The Spawn of WarA Poem by David Lewis PagetHe met his Dad for the first time when His father came marching home, After the war to end all wars From London through to Rome. He’d never seen him before he stooped As if to pluck out a thorn, And asked his Ma in his army suit, ‘Just when was the young one born?’
He hadn’t been home for five long years And Jeremy then was four, He constantly seemed to be adding up The years that he’d been at war, His Ma would say, ‘He’s a miracle, Young Jeremy went full term, I carried him for a year,’ she said, ‘It must have been wartime sperm!’
Then his father growled, and his mother howled As he placed her on his knee, And running his hand on sacred ground Said, ‘all this belongs to me!’ His mother cried when he said she lied In the years of his growing up, And treated him, apart from the rest When he called him a ‘scoundrel’s pup.’
His father clung to his Khaki suit It was washed and pressed each week, ‘You never know when they’ll call me up If this treaty doesn’t keep.’ He worked back down in the coal mines where He’d emerged to answer the call, Black from coal like a demon’s soul But he’d gone, to fight for them all.
But Jeremy never saw him smile, He never could do enough, The others would go on trips the while But Jeremy got a cuff, ‘What have I done,’ he’d often say As his father sat and yawned, ‘Don’t come bothering me today,’ And mutter of ‘wartime spawn.’
The years went on and the son had gone To live on his own, nearby, But always came to visit his folks Each month, till the one July He came around to the house and found That the dust his father choked, Was sat so deep in his lungs that he Had suffered a massive stroke.
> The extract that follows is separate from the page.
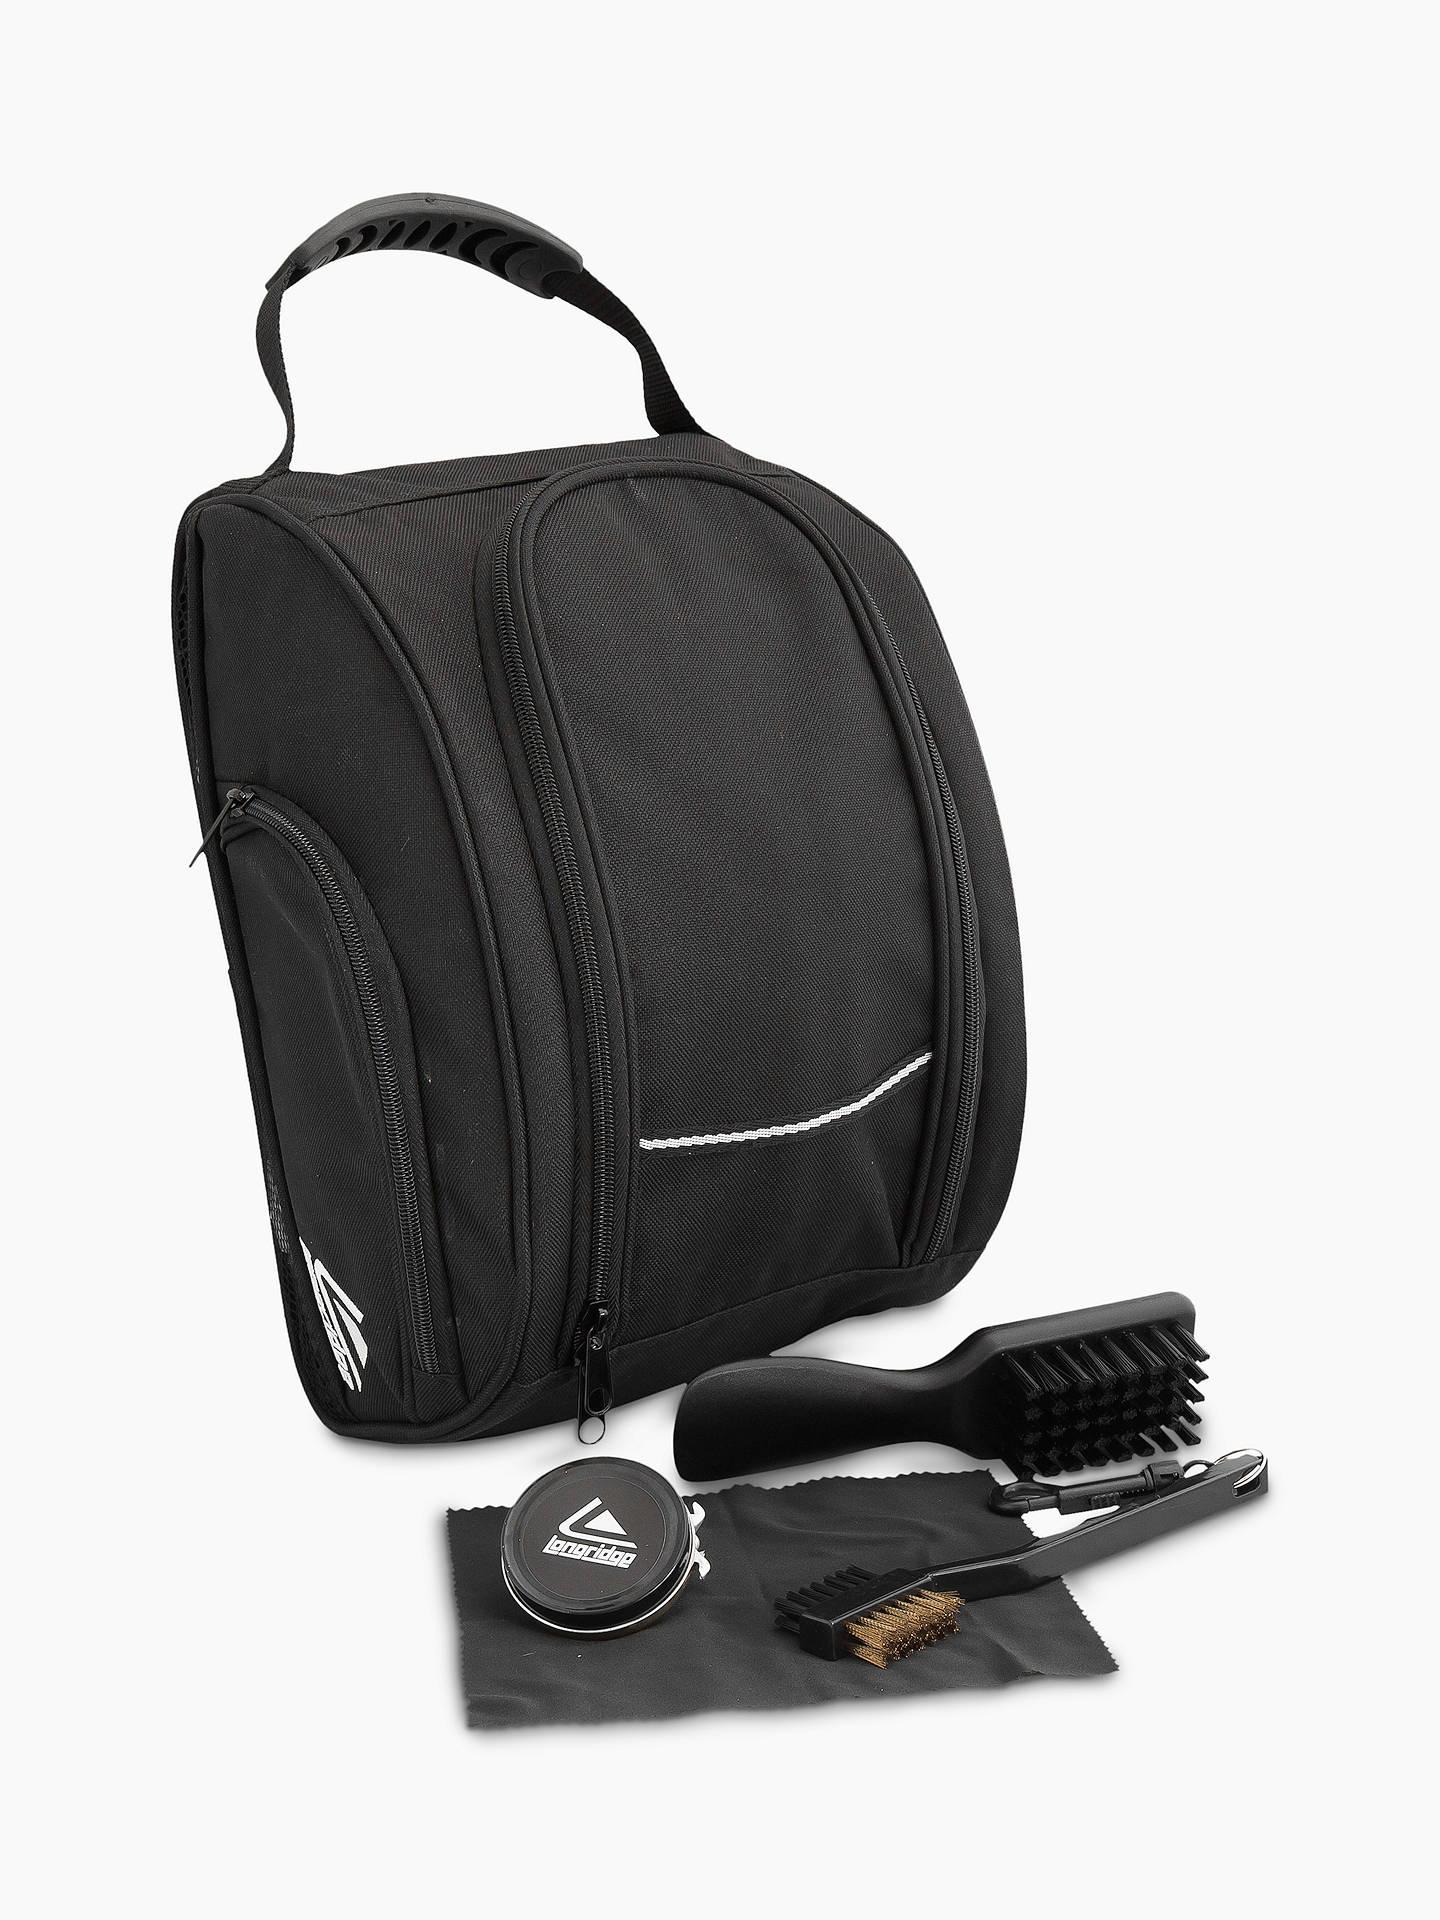 Golf Shoe Bag >> Longridge Executive Golf Shoe Bag And Accessories Set

‘Your father’s down in the hospital, He might not ever come out,’ His mother cried, while his brother, Clyde, ‘He’s all washed up,’ he’d shout. The others wouldn’t go visit him They had much too much to do, So Jeremy took his favourite book To visit him in Ward 2.
His father sat in a wheelchair there And he looked up in surprise, ‘Nobody’s come to see me, lad,’ He said, with tears in his eyes. ‘Why, of all people, would you come,’ As he helped him into his cot, ‘What do you think, you silly old man, You’re the only Dad I’ve got!’
And he read to him from his favourite book And he sat and held his hand, And the years of hurt that disconcert Lay buried in No Man’s Land, For the feeling came back in his limbs As the father did atone, And Jeremy came, the spawn of war, ‘Come on, I’m taking you home!’